The dataset consists of images of whole drawers of specimens from two angles -- top down, and 45º. The drawers contain individual boxes of specimens called "lots". 1 lot is the set of all the specimens of a species collected at a single place and time. All lots in the collection have a unique numeric catalogue number which is printed on the top right corner of a cardstock label in the box. All images were taken using the same lighting setup and contain an Calibrite ColorChecker Nano and a QP Card QP101 Calibration Card with mm scale bar.

(A sample from the dataset can be downloaded here)

My goal is to get help to use CV / ML methods to:

  1. segment both images of each drawer of specimens into lots.
  2. Use OCR to capture the catalogue number of each lot from its label and add the number to the image metadata
  3. assign GUIDs to the images and make the dataset available online for use for morphological analysis.

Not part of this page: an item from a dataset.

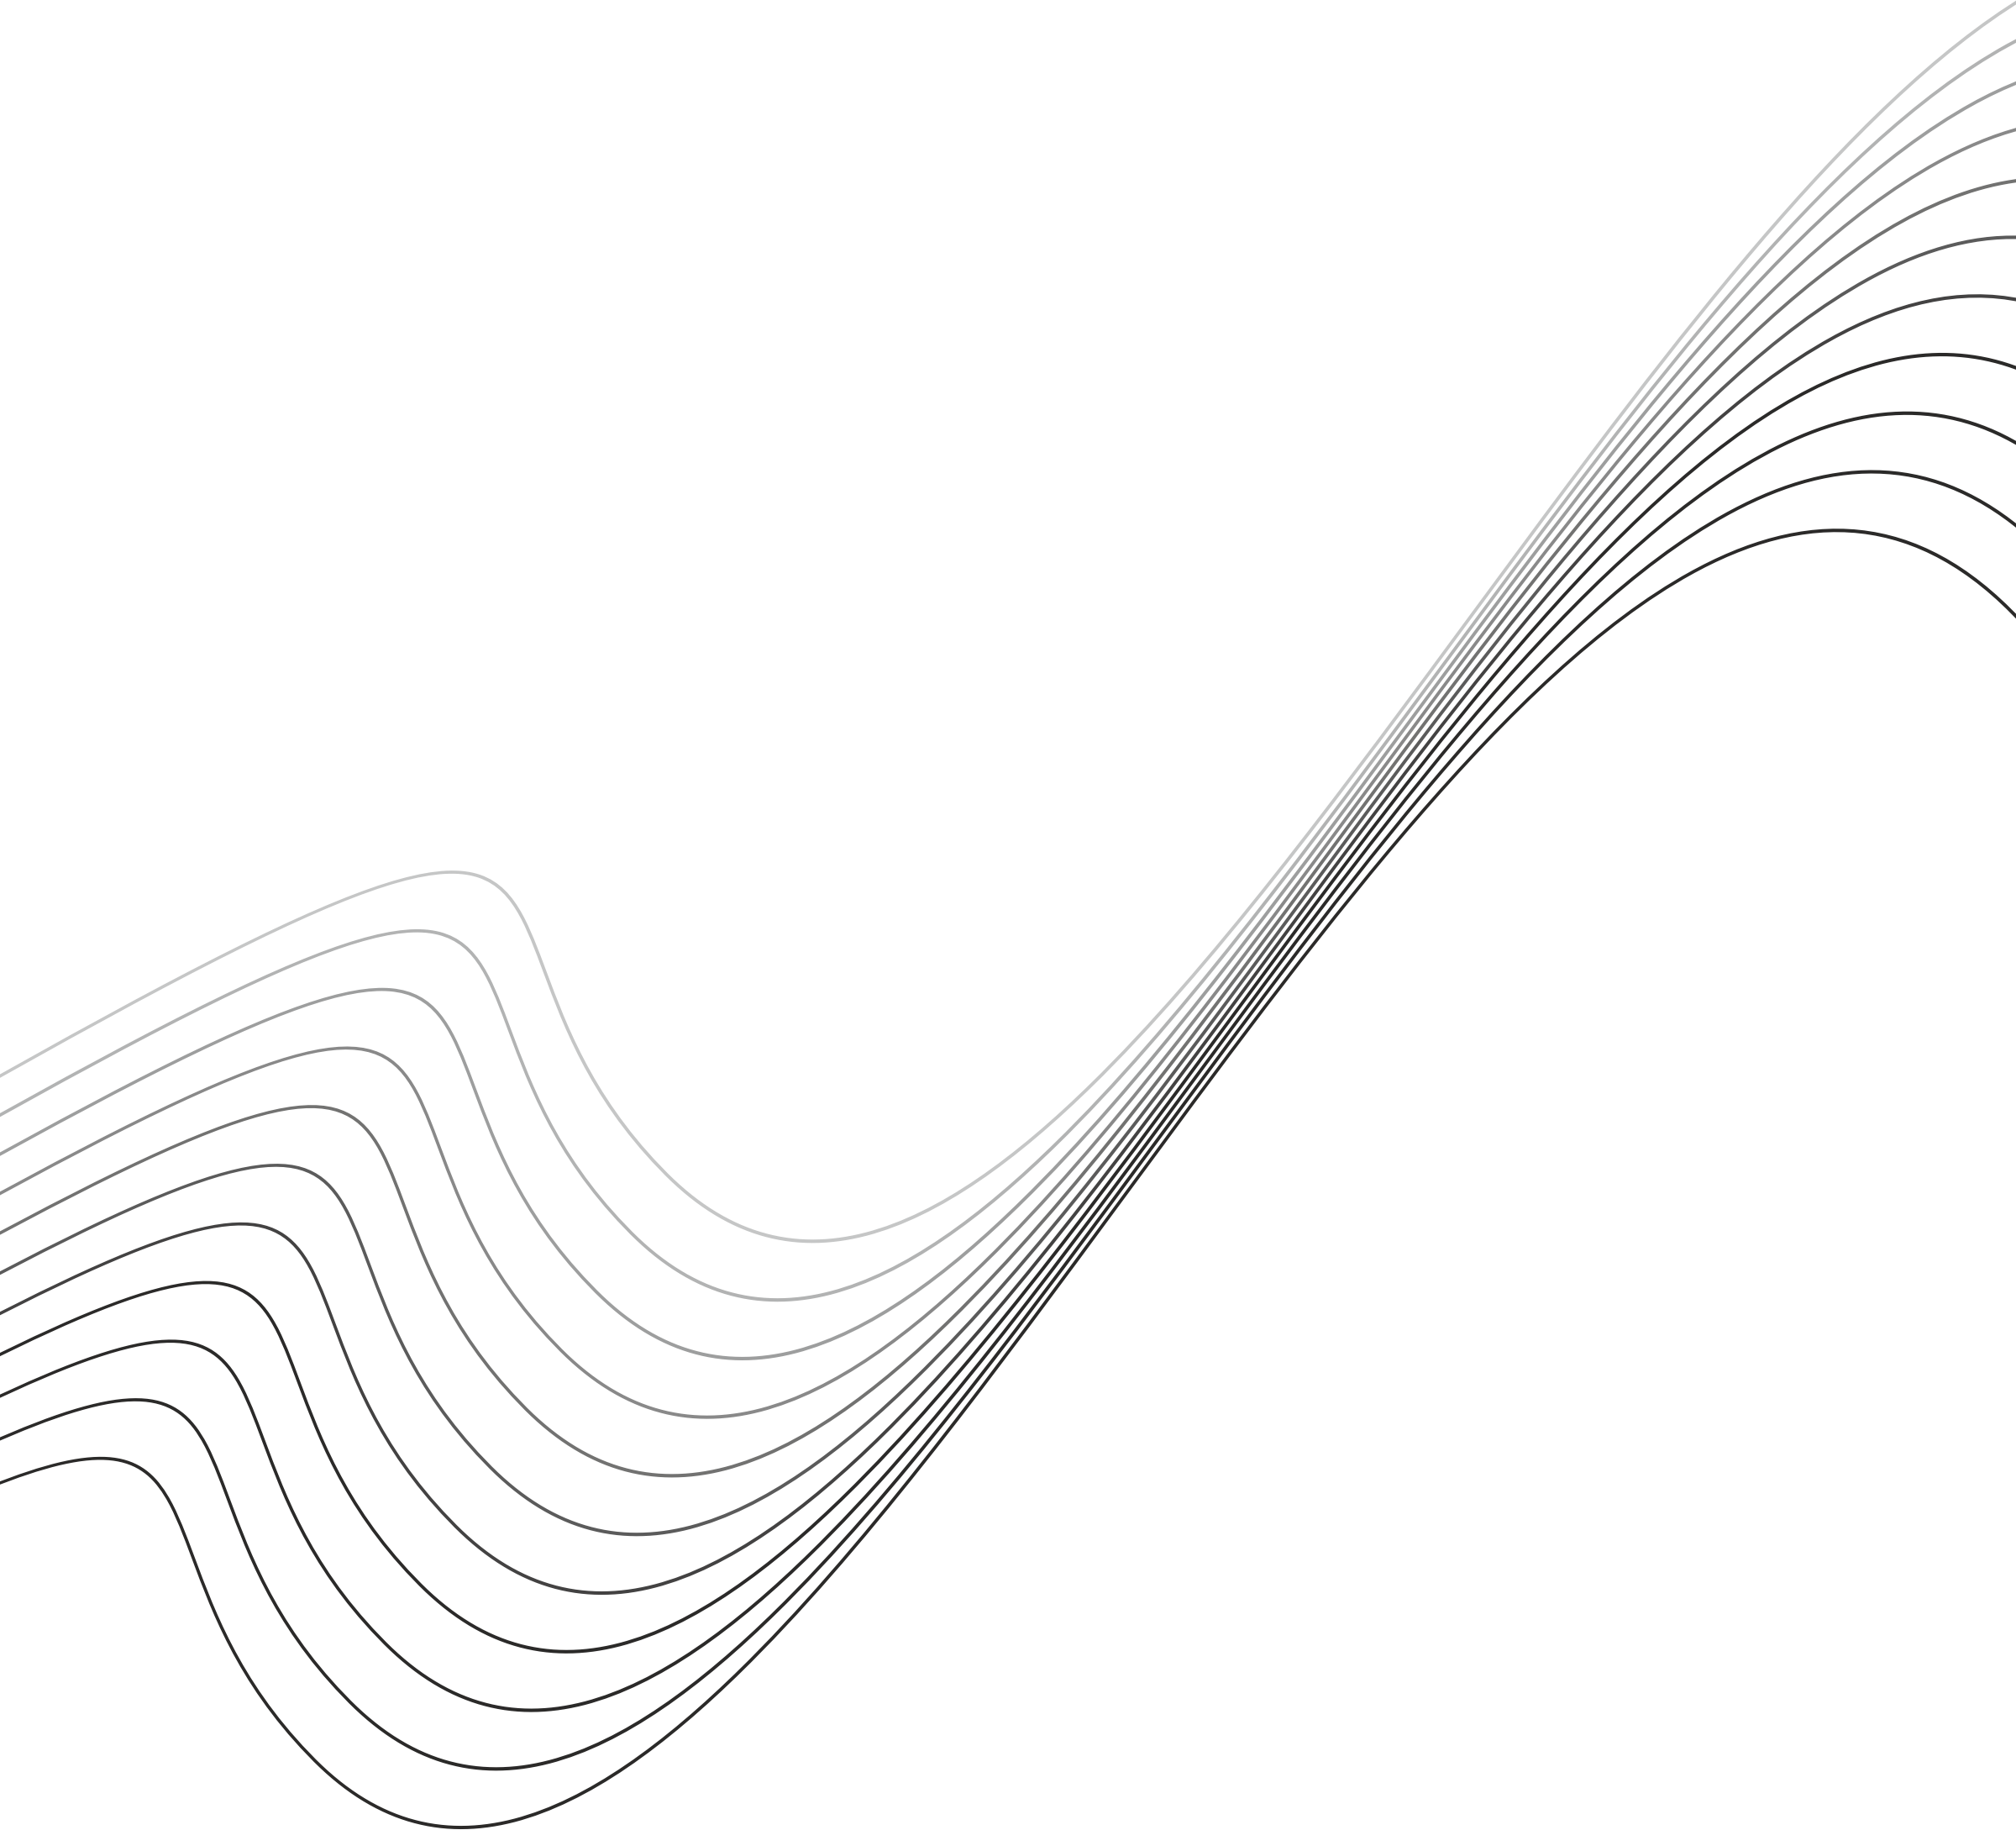 Lines clipart wave, Picture #1555355 lines clipart wave
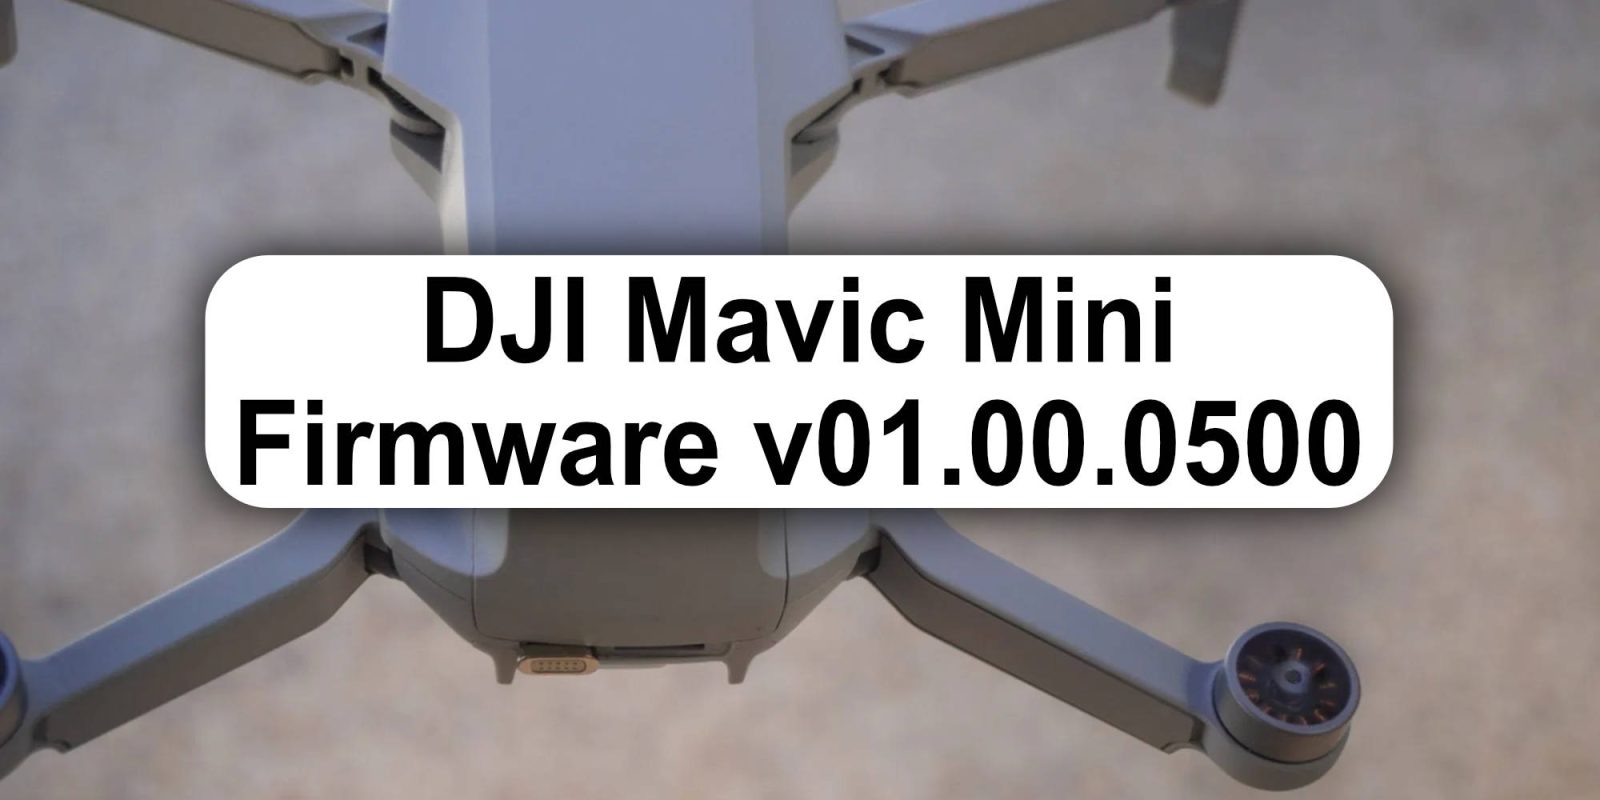 DJI Mavic Mini update firmware

I would definitely be interested in testing some hypotheses about the distribution of different morphological traits and color patterns using this dataset. It would be the largest dataset of its kind in existence for mollusks. Please reach out if you're interested in collaborating on some or all of this! -Nate

Originally posted by @nfshoobs in https://github.com/Imageomics/Image-Datapalooza-2023/issues/3#issuecomment-1676450117

nfshoobs commented 1 year ago

Additional info to address questions from pitch:

One major potential of this research is that the ending dataset would be a large annotated set of species images that are expertly identified, which can be then used to train a model that identifies new images automatically. This would be incredibly useful for conservation and management, as "ability to identify mussel species" is a rare skill and there is high demand for ID expertise from state and federal wildlife agencies.